Перед выносом тела из морга приехали Власов и Трухин.
— Я понимаю твое горе, Алексей Иванович, — сказал Власов. — Но ты не падай духом. Для тебя самое главное сейчас работа, она поможет тебе преодолеть несчастье.
Он говорил долго, ему, видно, нравилось изображать себя заботливым, внимательным «отцом-командиром», тем более что около крутились корреспонденты из «Добровольца».
Трухин, трезвый, опрятно одетый, равнодушный, откровенно скучал — ему не терпелось поскорее дожить до обеда, когда можно будет опрокинуть в себя умиротворяющую душу жидкость.
Он не выдержал, перебил Власова, запутавшегося в своей длинной речи:
— Андрей Андреевич, вы не забыли, что у вас совещание?
— Помню, помню, — спохватился Власов. — Не отчаивайтесь, голубчик, — явно подражая кому-то, произнес он на прощанье и обратился ко мне: — Павел Михайлович, проследите, чтобы все сделали в наилучшем виде.
Трухин, подав мне руку, с усмешкой сказал:
— Вы уж постарайтесь, голубчик, чтобы все в наилучшем.
Мы ехали на грузовике — Астафьев со своей подружкой, похожей на мальчика, — она всю дорогу тихонько плакала, — два солдата из комендантского взвода и незнакомая женщина в черном платье и в черном платке, повязанном по-монашески. Алексей Иванович сидел, положив руку на гроб. Глаза у него были сухие, за всю дорогу он не произнес ни одного слова.
Киру похоронили на кладбище неподалеку от Добендорфа, на участке, отведенном для русских офицеров.
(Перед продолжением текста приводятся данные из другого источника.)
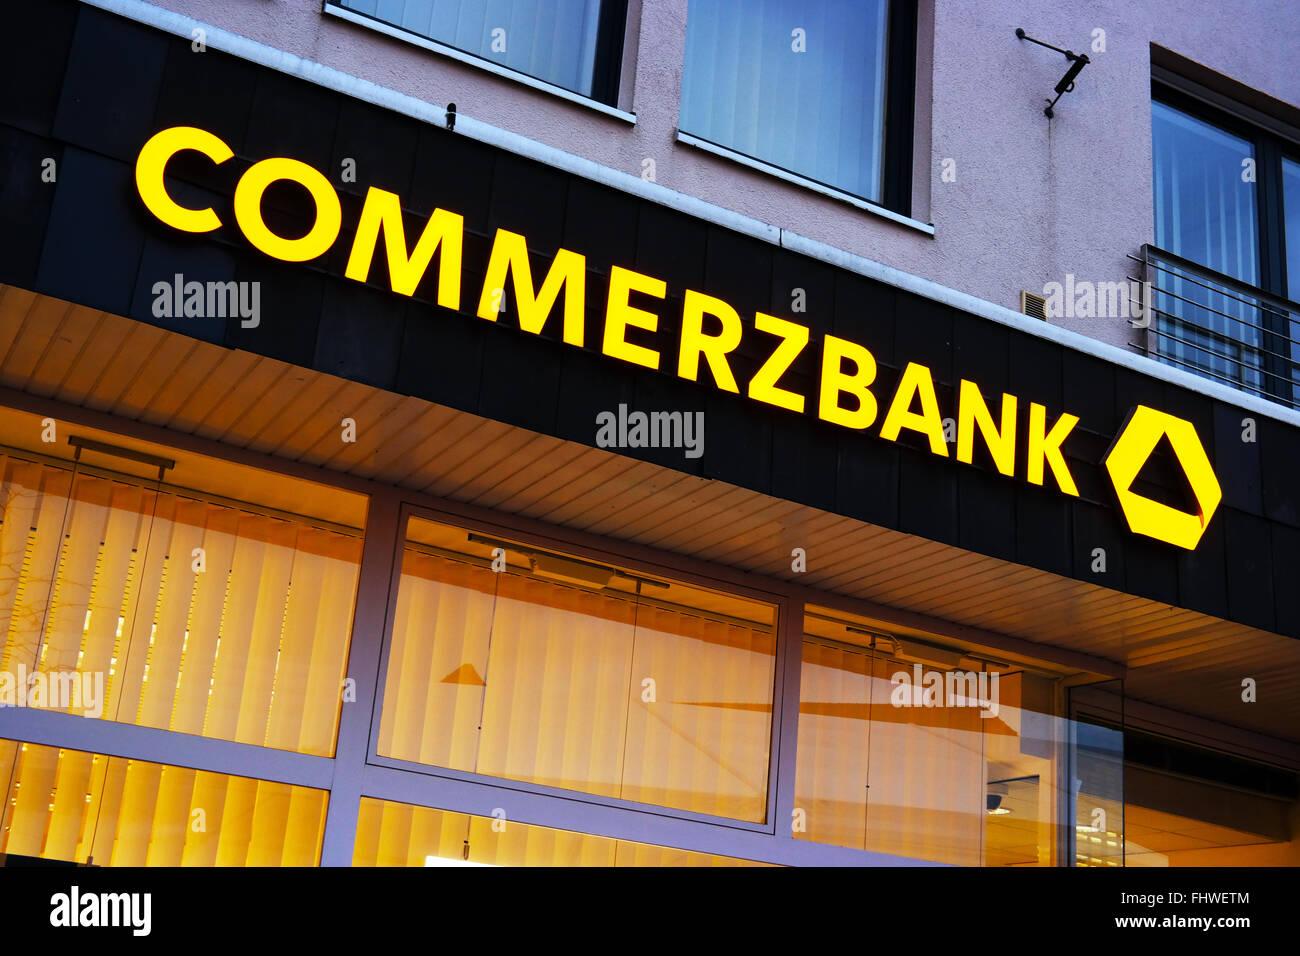 Commerzbank logo - Stock Image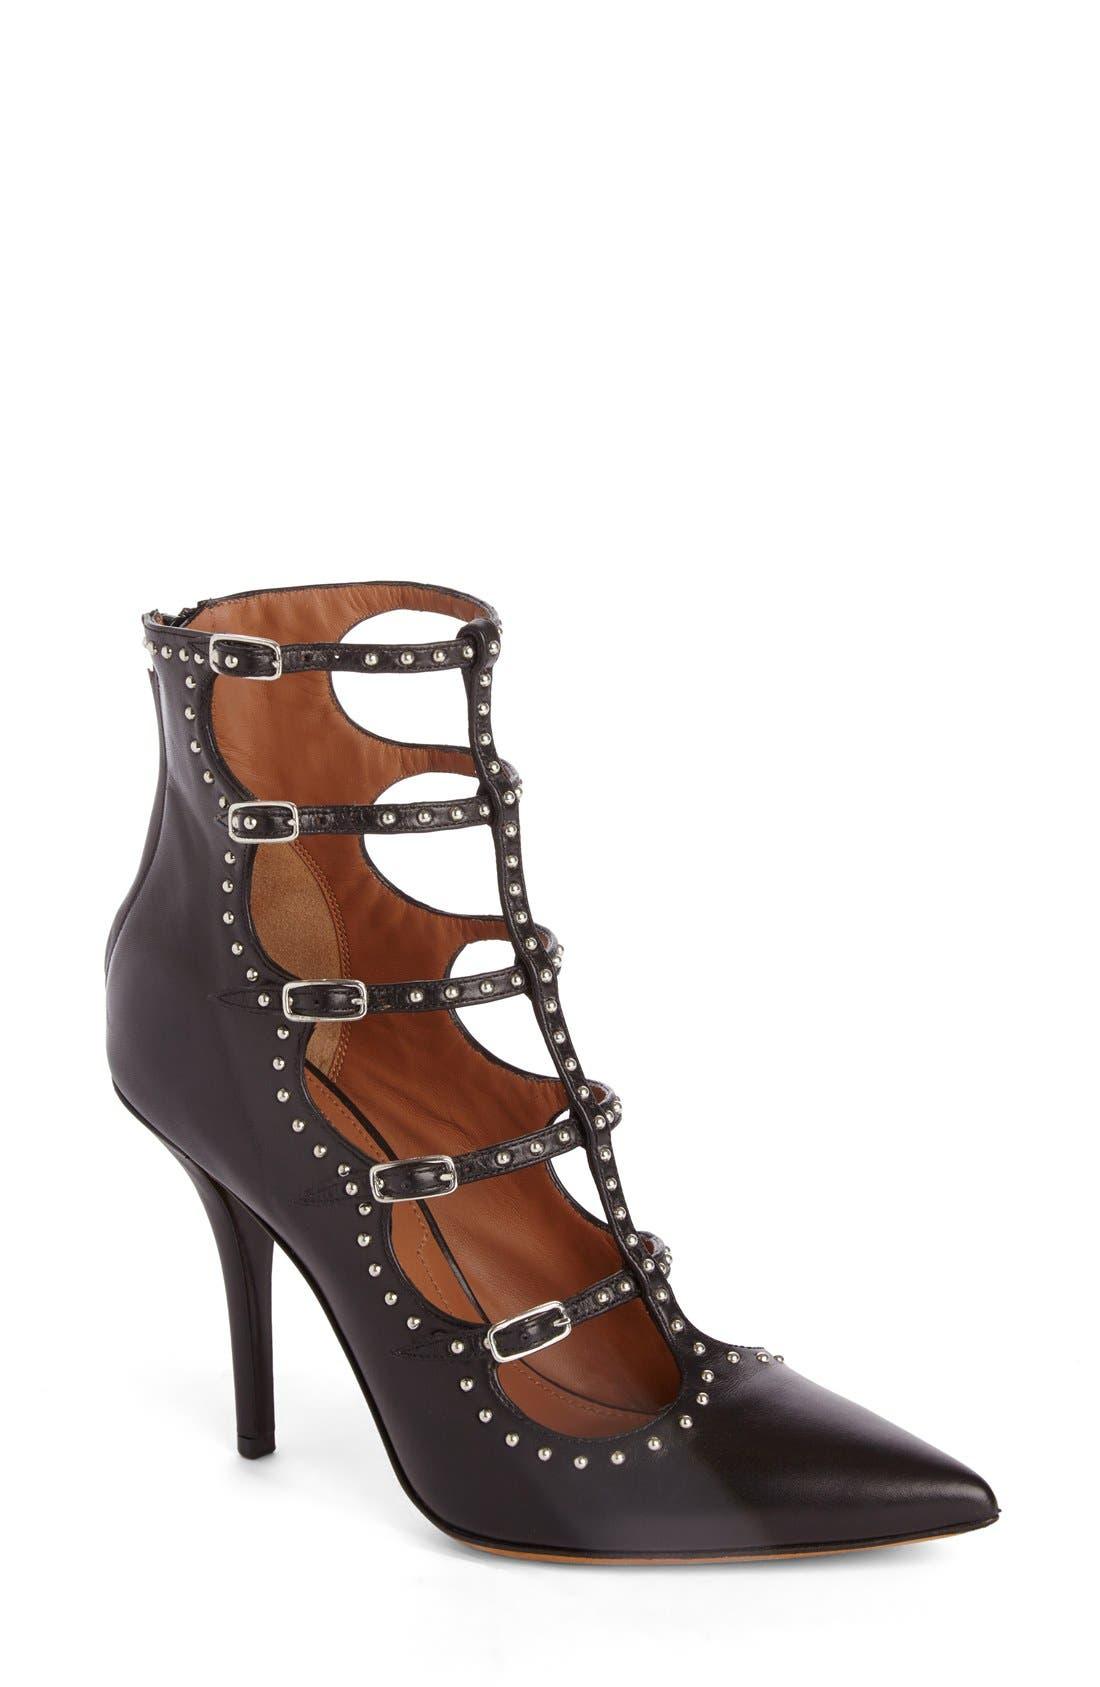 Alternate Image 1 Selected - Givenchy Elegant Cage Pump (Women)

Алексей Иванович помог снять гроб с машины, нес его вместе со всеми до узкой, экономно вырытой могилы — все молча, без слез. Подружка Астафьева, — я узнал, что ее зовут Клава Козихина, — тоскливо сказала поручику:
— Господи, что же он молчит!
Когда гроб опустили и солдаты вооружились лопатами, Козихина истерично крикнула:
— Подождите!
Она подошла к краю могилы, плача, кинула горсть сухой, пыльной земли на гроб и сердито приказала Орлову:
— Бросьте! Нельзя так…
Орлов послушно исполнил ее требование и отошел в сторону.
Солдаты быстро закидали могилу, похлопали лопатами по маленькому холмику, покурили и пошли к машине. Астафьев с трудом увел Козихину — плакать она уже не могла, ее одолела икота.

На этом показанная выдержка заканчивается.